LitSynth: Research Management System

Research Management System (RMS) is a local-first research workflow for systematic review, literature analysis, provenance-aware retrieval, and citation-safe writing.

It combines:

  • PDF and RIS/BibTeX ingestion
  • screening and review-table generation
  • PRISMA-oriented export workflows
  • evidence-grounded research chat over indexed papers
  • deterministic citation insertion backed by authoritative metadata

RMS is designed to run in three operating modes:

  • local only: everything stays on your machine, including vector storage and project files
  • cloud only: the API and web app run on Google Cloud Run with cloud-managed storage and hosted LLM providers
  • hybrid: local indexing and private project files stay on the workstation while selected artifacts, configuration, or indexes are mirrored to Google Cloud for demos or team access

The system architecture and deployment design live in docs/architecture.md.

System Design Diagram

flowchart TD
  user[Researcher] --> ui[Streamlit UI\napps/webapp/app.py]
  ui --> api[FastAPI API\napps/api/main.py]
  api --> orch[RMS Orchestrator\nand Review Pipeline]
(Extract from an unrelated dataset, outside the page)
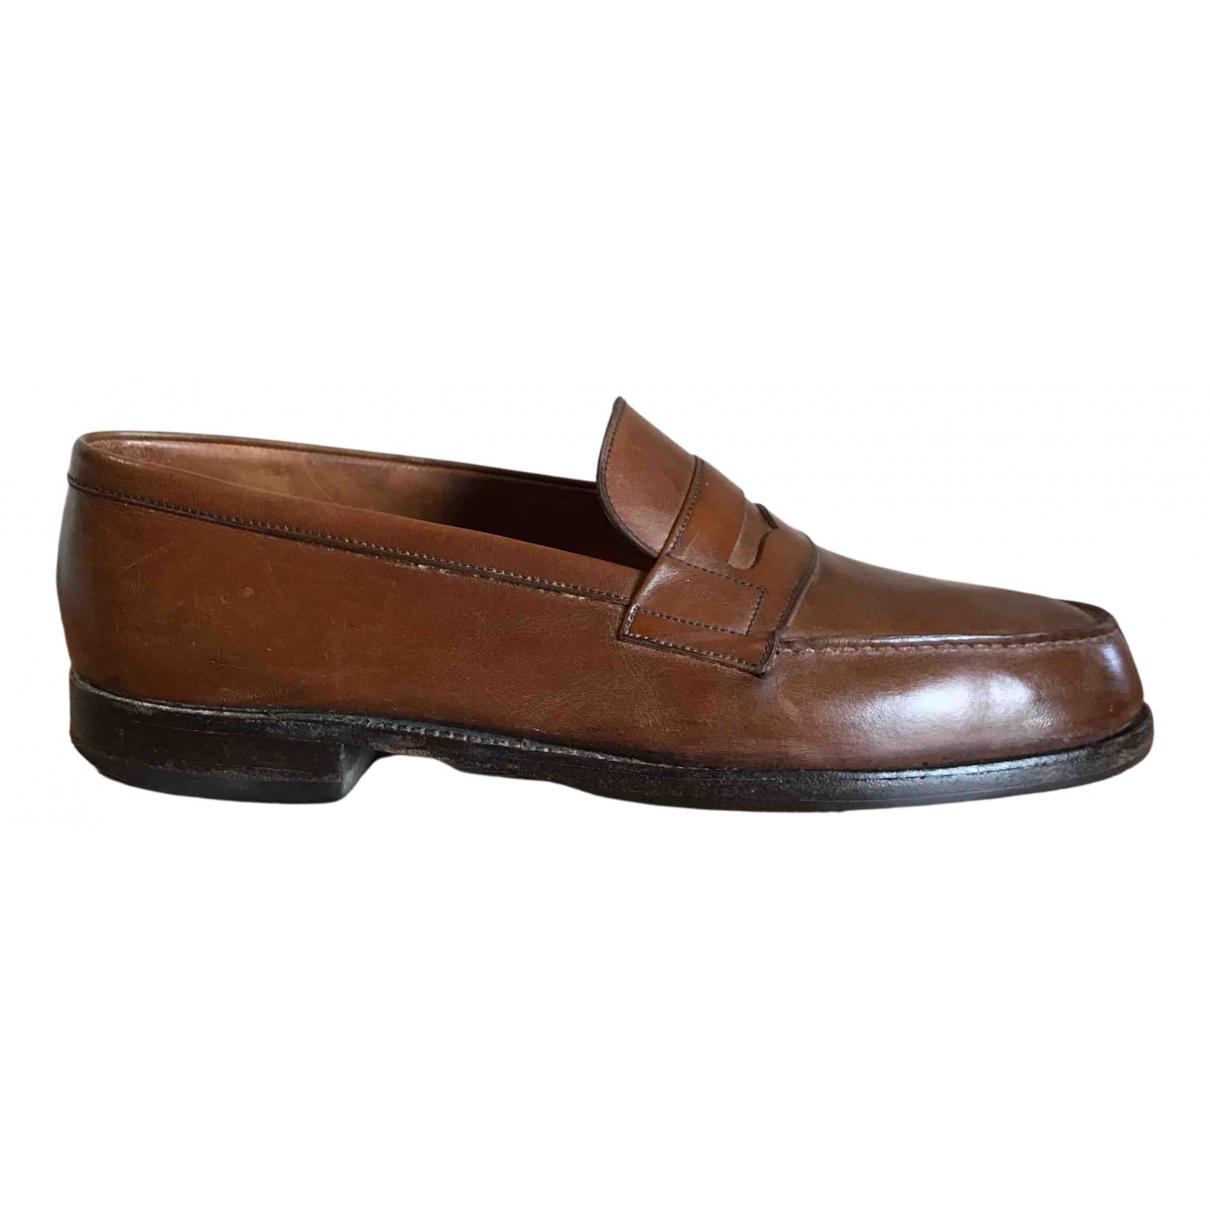 Jm Weston - Mocassins   pour homme en cuir - marron
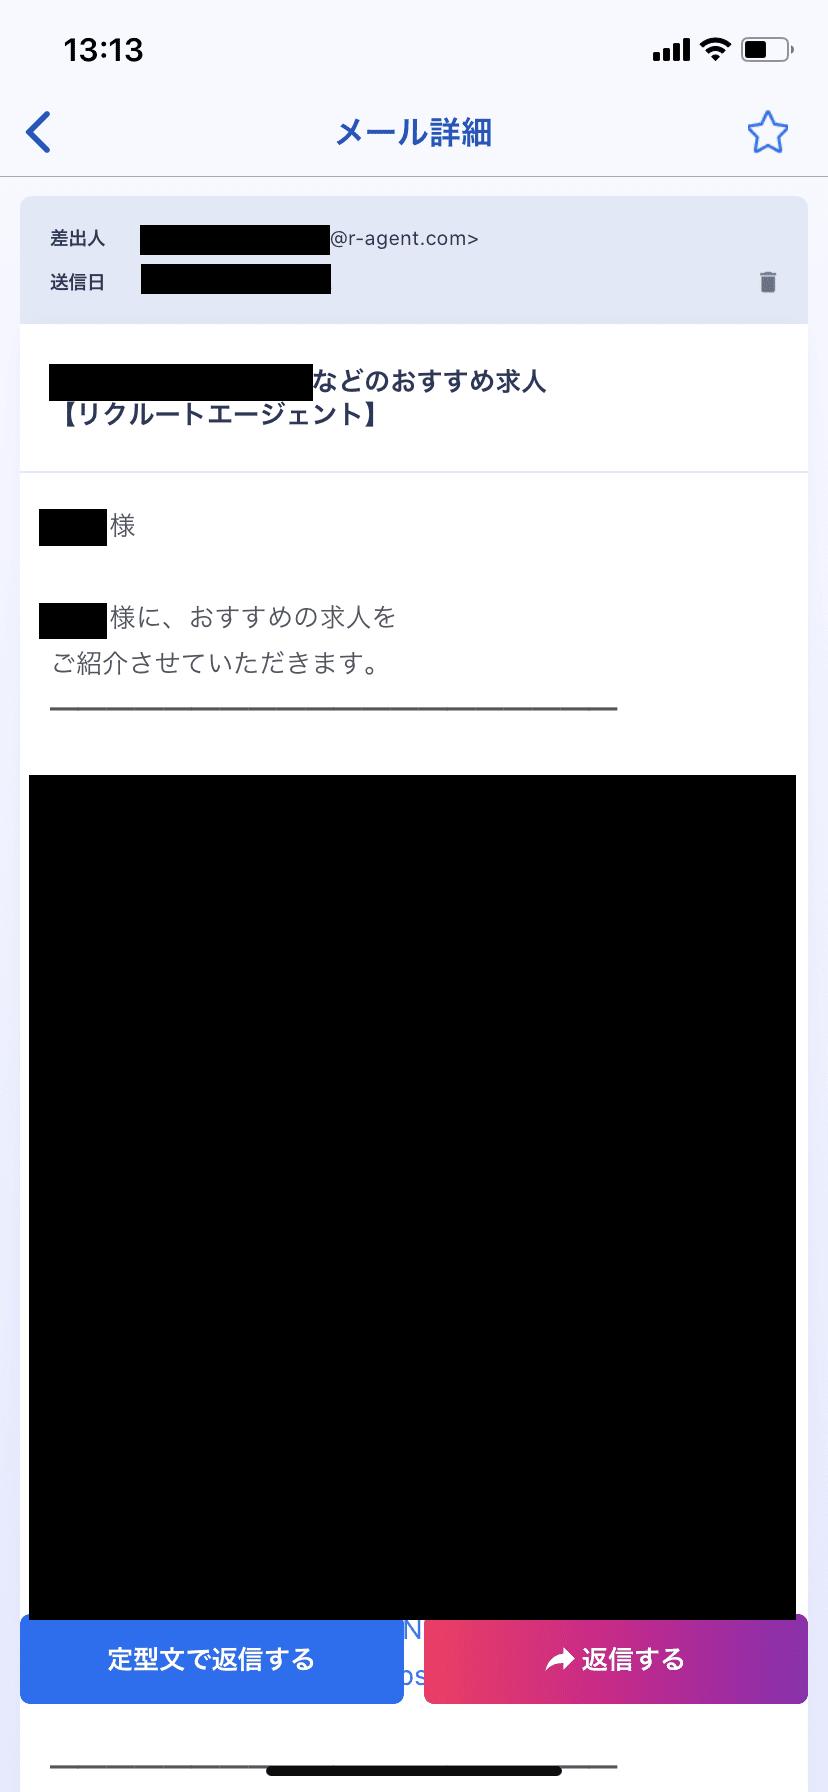 リクルートエージェント大阪支社

  orch --> ingest[PDF + RIS/BibTeX Ingestion]
  orch --> review[Screening + Review Matrix\nPRISMA Exports]
  orch --> citation[Citation Store +\nDeterministic Insertion]
  orch --> rag[RAG Routing]

  rag --> chroma[Chroma Vector DB\nBAAI/bge-base-en-v1.5]
  rag --> rmsllm[Local RMS Answering\nOllama qwen3:8b]
  rag --> paperqa[PaperQA Adapter\nollama/nomic-embed-text]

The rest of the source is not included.